Le compagne di Nondasola salutano Patrizia Lusoli, socia e attivista, operatrice della Casa delle Donne, che ci ha lasciato venerdì notte.
Forse perché ancora non abbiamo contemplato che nel nostro presente non ci sia più, è estremamente difficile per noi questo passaggio, molto doloroso è pensare di dire addio ad Anitya, questo il nome da lei scelto, che conoscono bene le donne che chiedono aiuto alla Casa delle Donne, e che negli oltre quindici anni di attività, come responsabile dell’accoglienza per anni e come operatrice l’hanno incontrata, come pure le assistenti sociali e gli altri soggetti della rete territoriale.
La dolcezza è stata la cifra umana di Anitya, una qualità che le apparteneva insieme alla forza, una forza profonda che la radicava con levità nel presente per le radici aeree che si protendevano verso l’alto. Una determinazione a vivere la vita con la stessa grazia nelle sue luci e nelle sue ombre, perché c’era qualcosa in lei di estremamente umano e spirituale insieme che si è manifestato ancora di più nel momento in cui la malattia l’ha colpita ma non annientata.

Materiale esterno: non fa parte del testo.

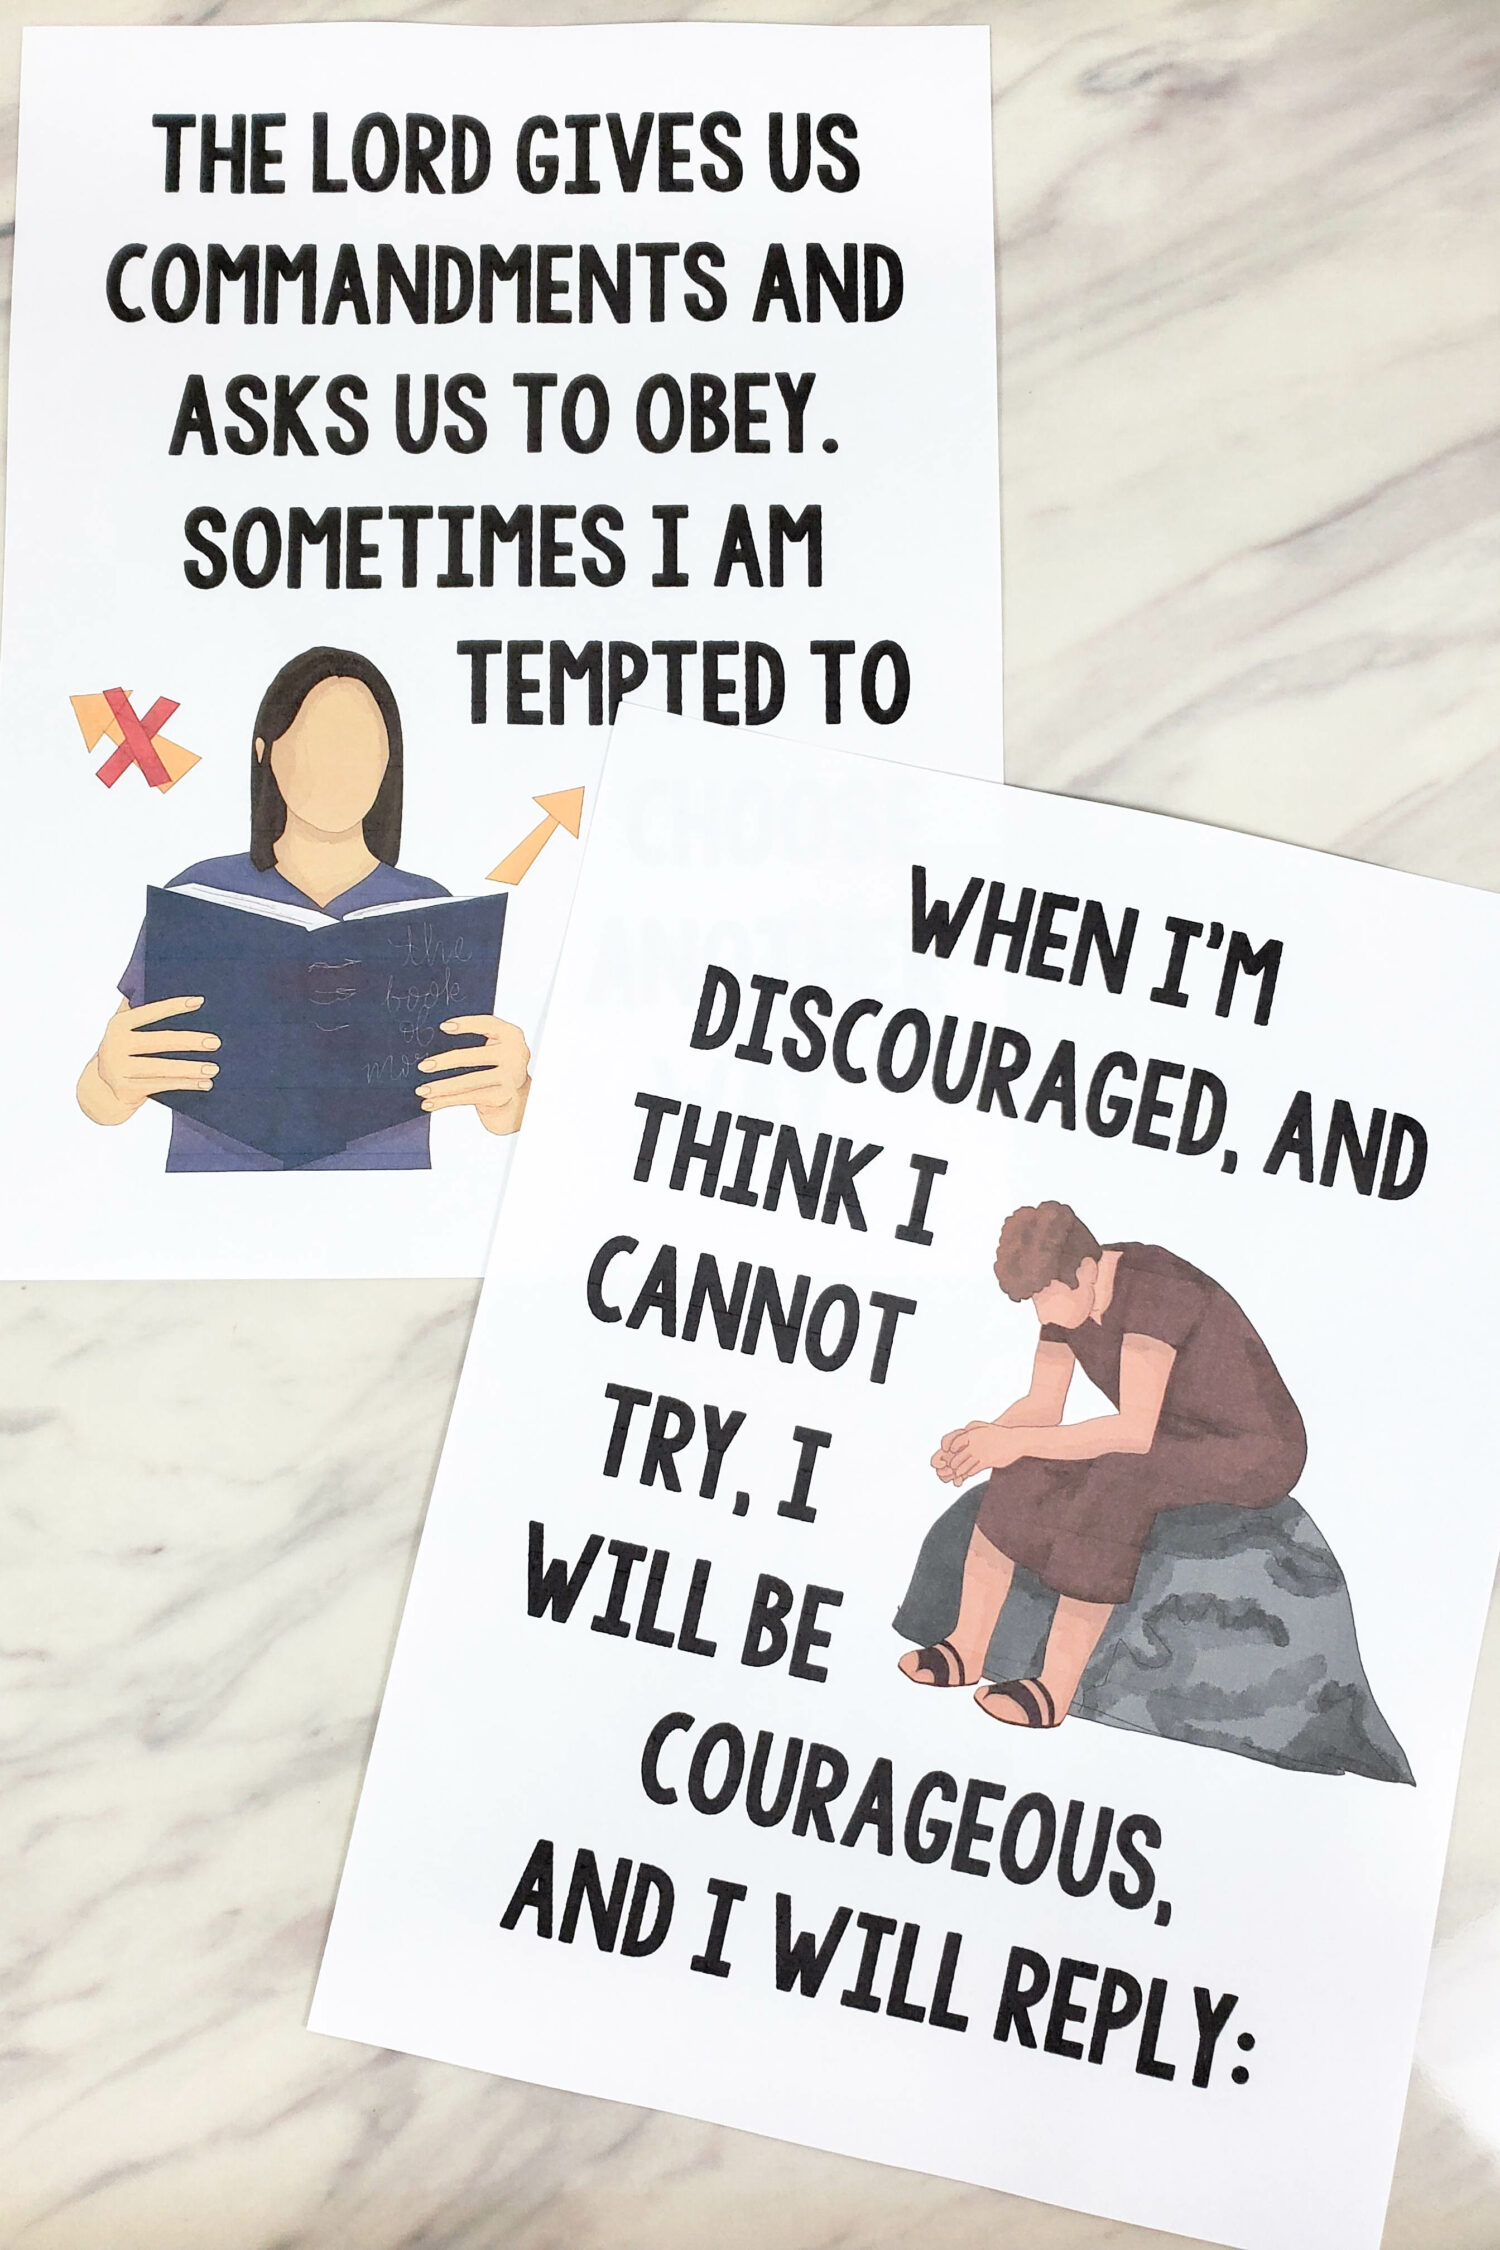 Nephi's Courage Flip Chart Teach this upbeat Primary song as part of your Book of Mormon Come Follow Me year. Printable resource for LDS Primary Music leaders or Christian song helps.
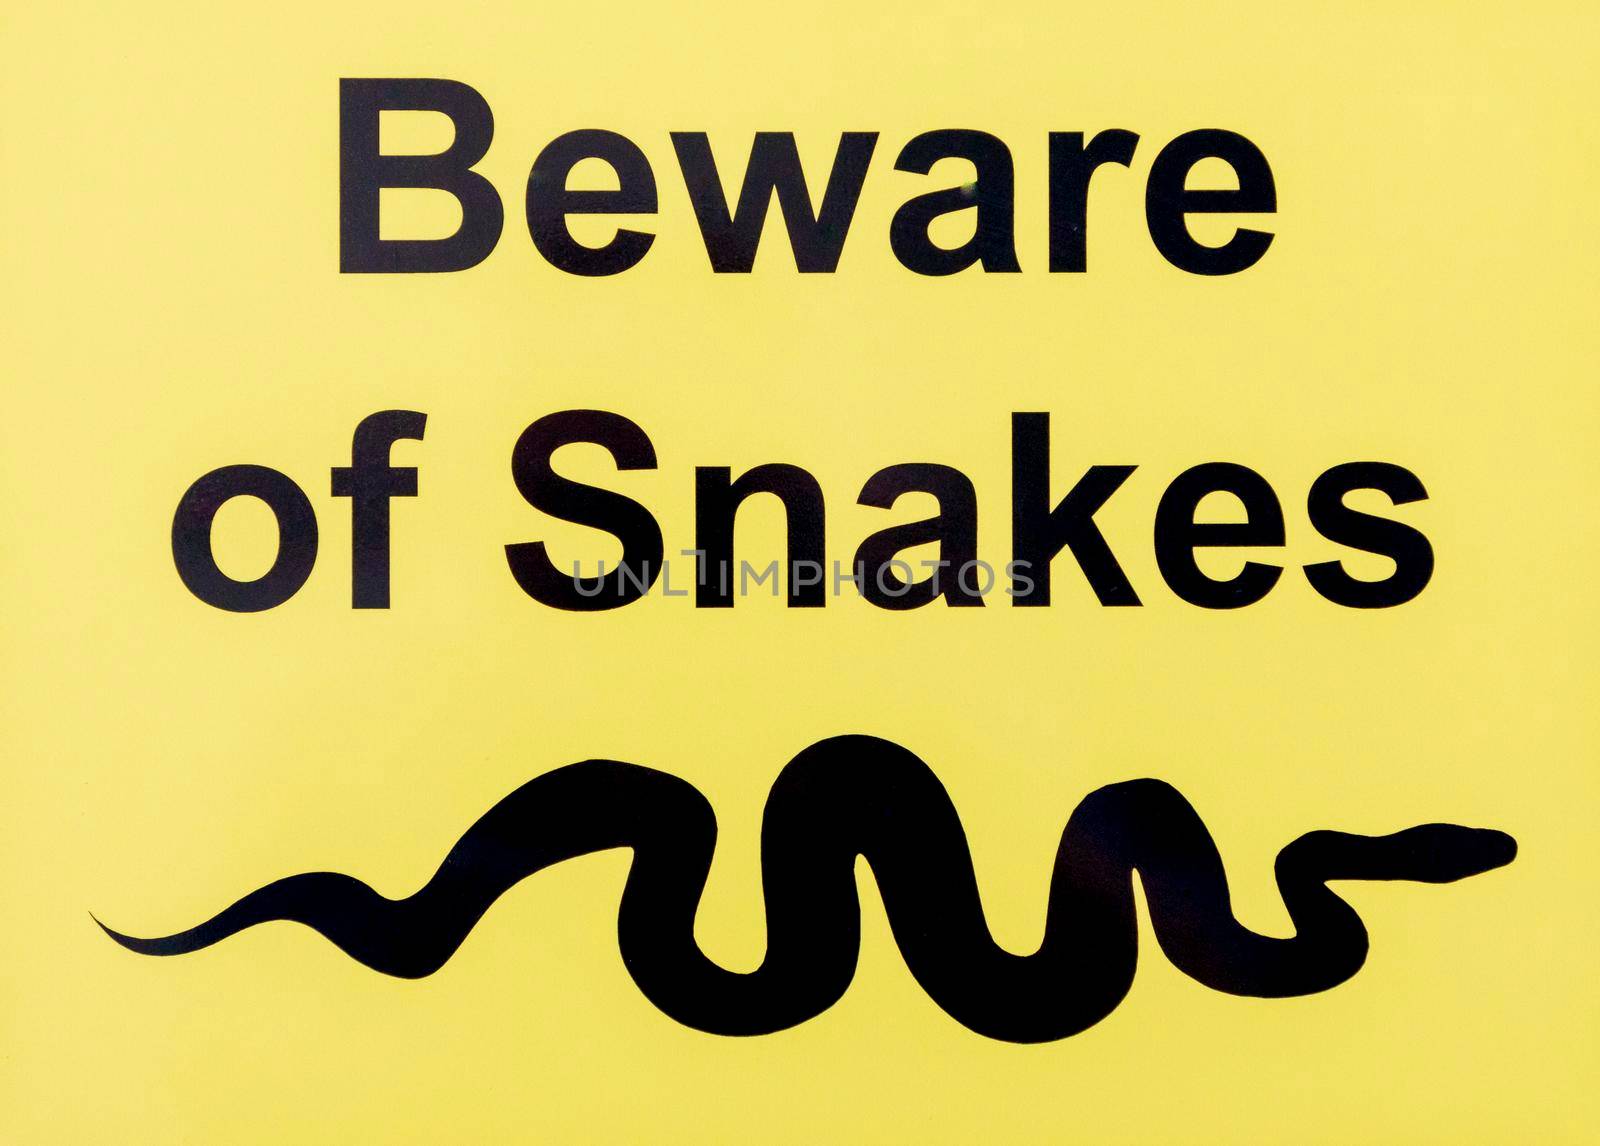 A beware of snakes sign by WittkePhotos

Una donna libera che ha regalato amore a chi ha avuto la fortuna di condividere la vita con lei, e alle donne che hanno saputo trovare in lei ascolto e fiducia per emanciparsi dalla violenza maschile e a tutte noi attiviste e compagne di lavoro che la saluteremo oggi, lunedì 14 febbraio, al funerale che partirà alle ore 11,15 dalla Croce Verde verso il cimitero di Coviolo.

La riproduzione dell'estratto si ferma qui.